Optical part intended to operate in total internal reflection

The present invention relates to the field of motor vehicle lighting devices. More particularly, the present invention relates to an optical part arranged so as to operate in total internal reflection and designed so as to form a cut-off beam.

It is known to use light guides, in which the light is guided from an input diopter to an output diopter. The light is propagated there by total internal reflections on the reflection surfaces of this guide located between the diopters of entry and exit. By giving these reflection surfaces specific shapes and positions, it is possible to obtain a beam with a given photometry.

In the case of a dipped beam, or more generally of a beam with a cut-off line delimiting an illuminated area from a dark area where vehicles being followed or coming in the opposite direction may be found, these reflection surfaces are arranged to form the beam as well as its cut line. For example, a reflection surface can form a collector concentrating the rays towards a cut-off edge formed by an edge separating two other surfaces. An optical system is then arranged to image the cut edge. The latter will then form the cut line in the beam.

However, it happens that spurious reflections lead part of the rays into the shadow zone delimited by the cut-off line, thus generating a risk of glare. In principle, when designing an optical part, the aim is to reduce these parasitic rays as much as possible.

In some existing light guides, the surface downstream and below the cut-off edge is arranged vertically, or in other words the cut-off edge is formed by a sharp angle. In this case, no ray that passes next to the cutoff edge encounters the first reflection surface downstream of the cutoff edge. It follows that because of this angle, the imaging optical system must extend significantly below the level of the cut-off edge for the imaging system to recover these rays.

The applicant realized that it could reduce this height by decreasing the angle inside the optical part between the surfaces separated by the cut-off edge. However, in doing so, some of the rays which passed next to the cut-off edge encountered the first reflection surface downstream of the cut-off edge and were returned directly to the imaging optical system. These rays were therefore directed virtually as if they came by passing under the line of focal points of the imaging optical system and were therefore returned above the cut, thus increasing the quantity of parasitic rays.

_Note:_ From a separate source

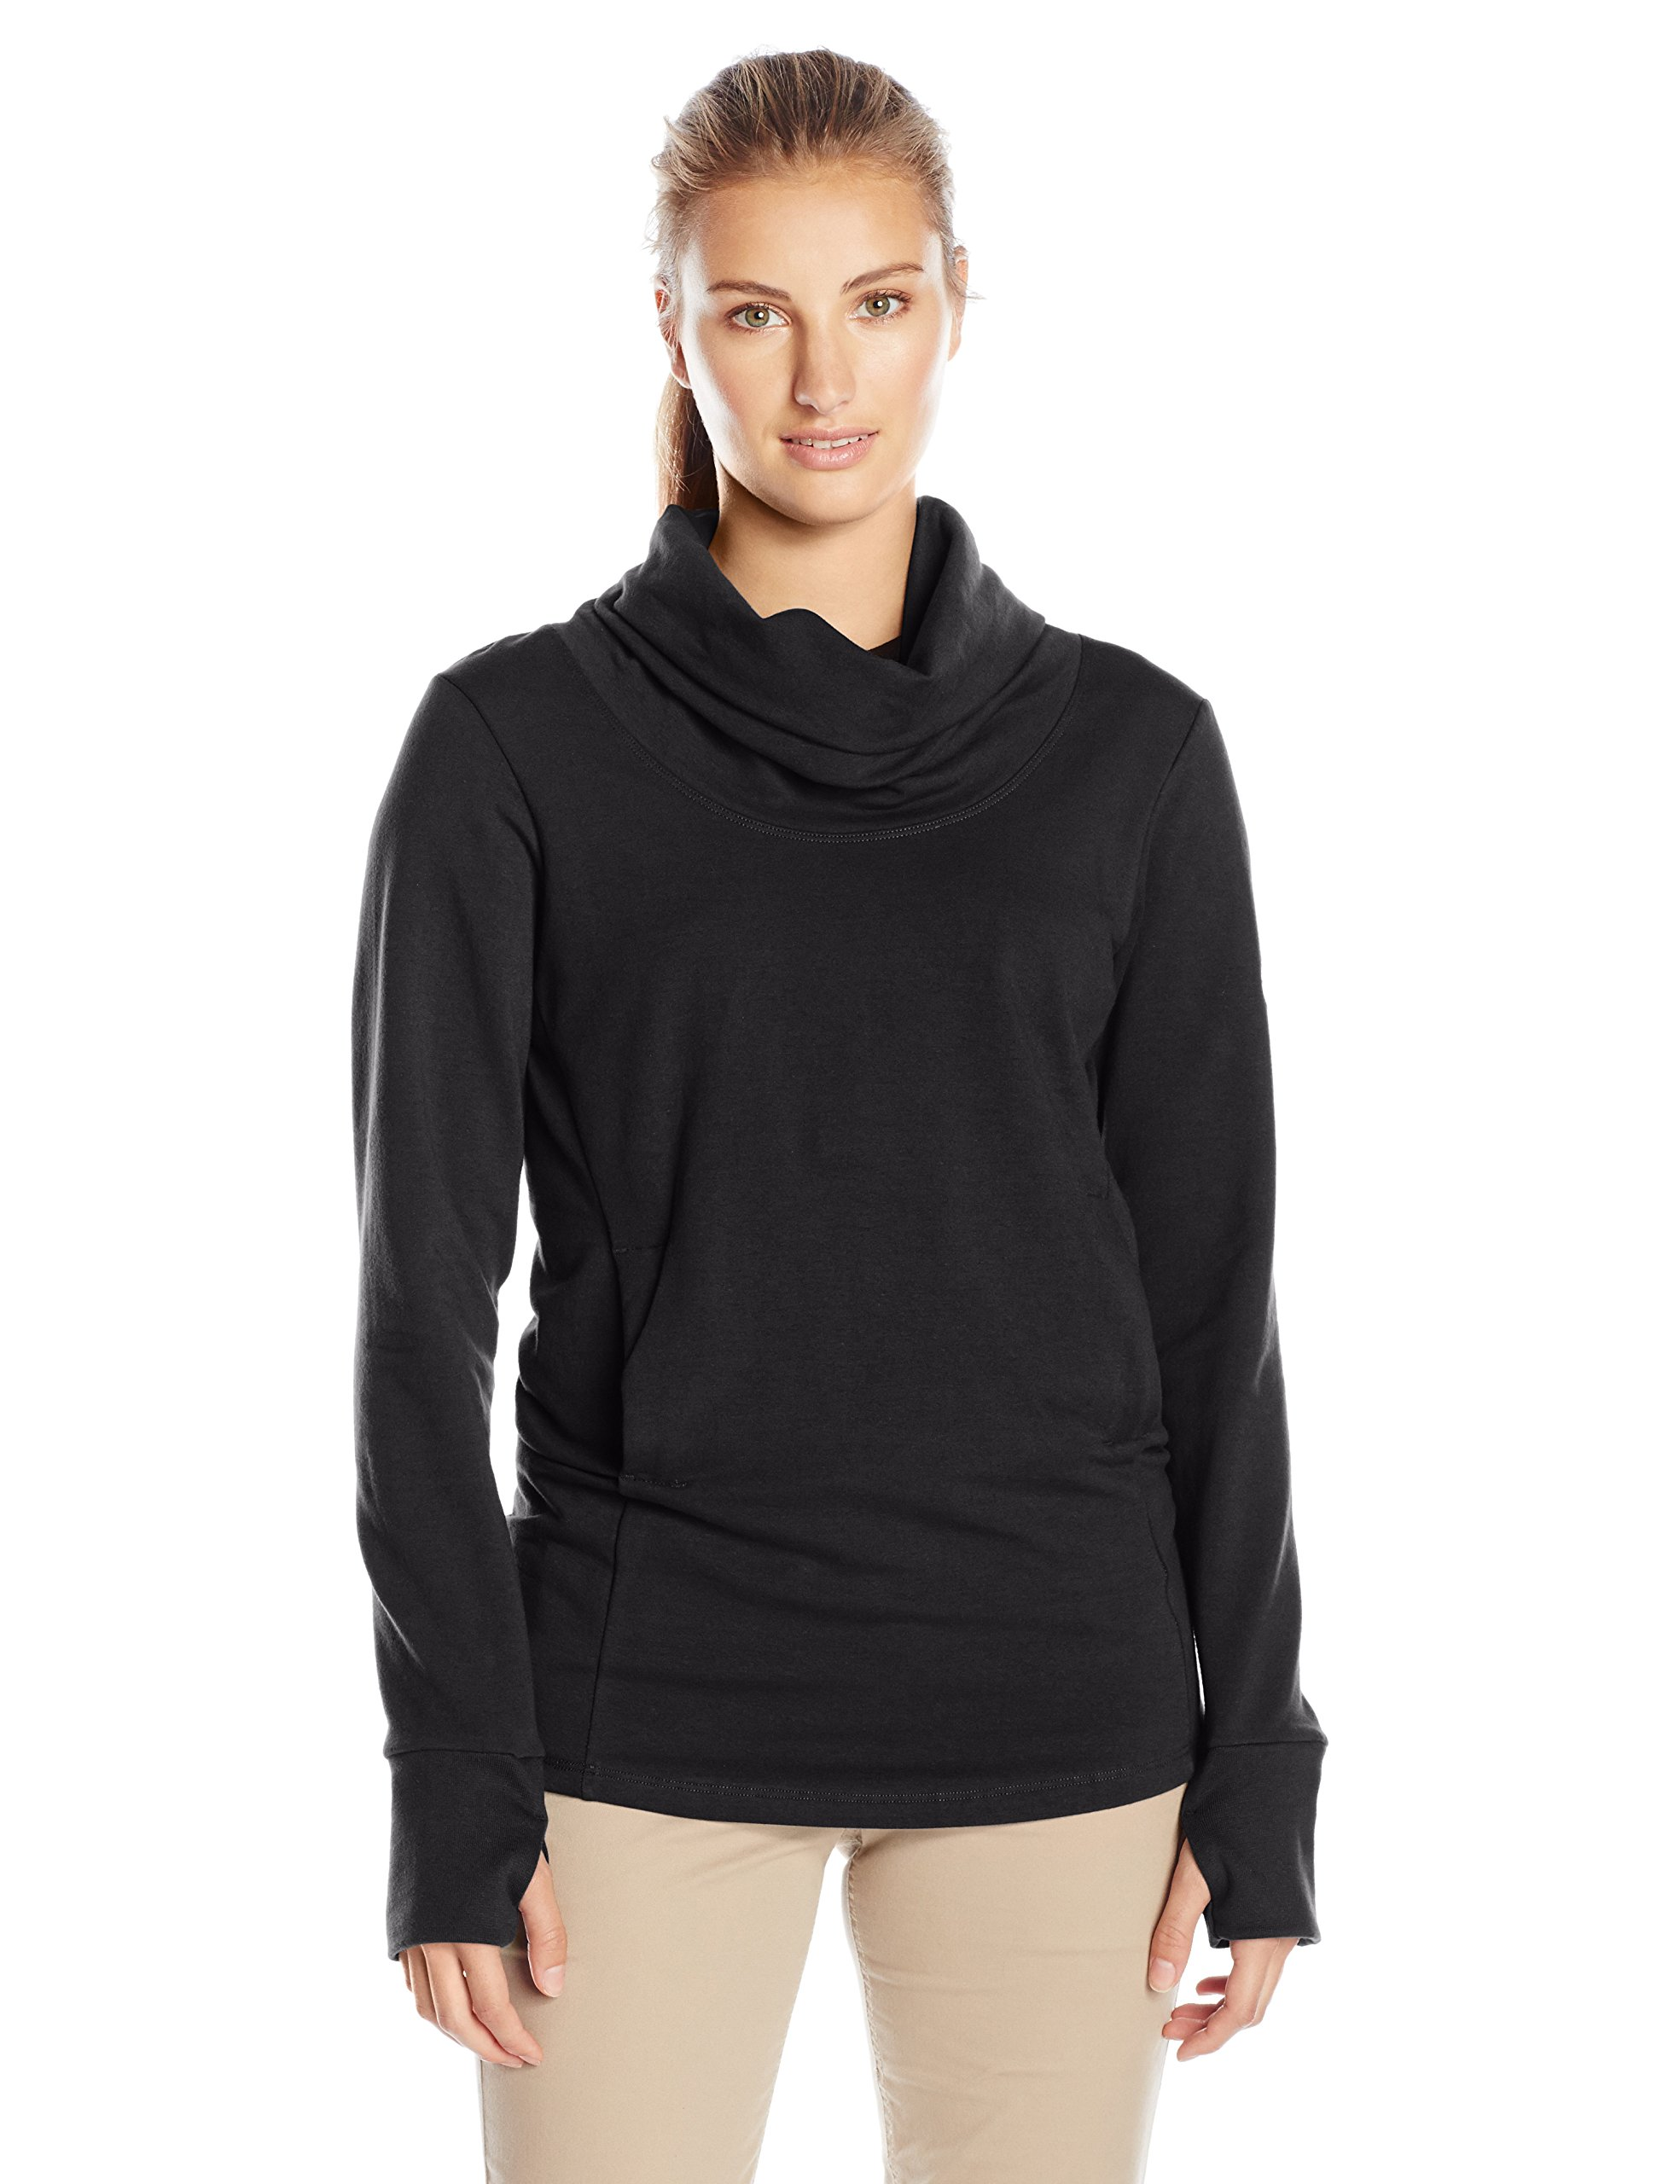 FIG Women's BRU Sweater, Medium, Black

An object of the present invention is to improve the optical parts intended to operate in total internal reflection and designed so as to form a cut-off beam, in particular by reducing the risk of glare, in particular without increasing their height too much. .

To this end, a first object of the invention relates to an optical part intended to operate in total internal reflection and comprising at least one light guiding portion, the guiding portion comprising:
- an entry diopter,
- a return surface,
- a cutting edge,
- a first total internal reflection surface downstream of the cut-off edge,
- a second total internal reflection surface,
- an exit dioptre which images a line of foci, the line of foci being arranged on the cut-off edge,
the entrance interface and the return surface being arranged so that the return surface returns the light rays coming from the entry interface towards the line of focal points;
these rays comprise first rays which pass next to the cut-off edge and reach said first reflection surface, the latter being arranged to reflect these first rays towards said second reflection surface so as to produce a terminal total internal reflection on this said second reflection surface, these first rays being reflected towards the exit diopter by this terminal total internal reflection.

Thus, by preventing the rays reflected by the first reflection surface from directly reaching the exit diopter, the optical part according to the invention reduces, or even eliminates, the risk of glare.

Furthermore, it makes it possible to produce parts with a cutting edge with a less marked angle and therefore a lesser height compared to the length of the guide portion.

In addition, this also makes it possible to obtain a beam with greater thickness for the same guide portion of the same thickness but without this first reflection surface.

This also helps to avoid too much intensity concentration above the horizontal.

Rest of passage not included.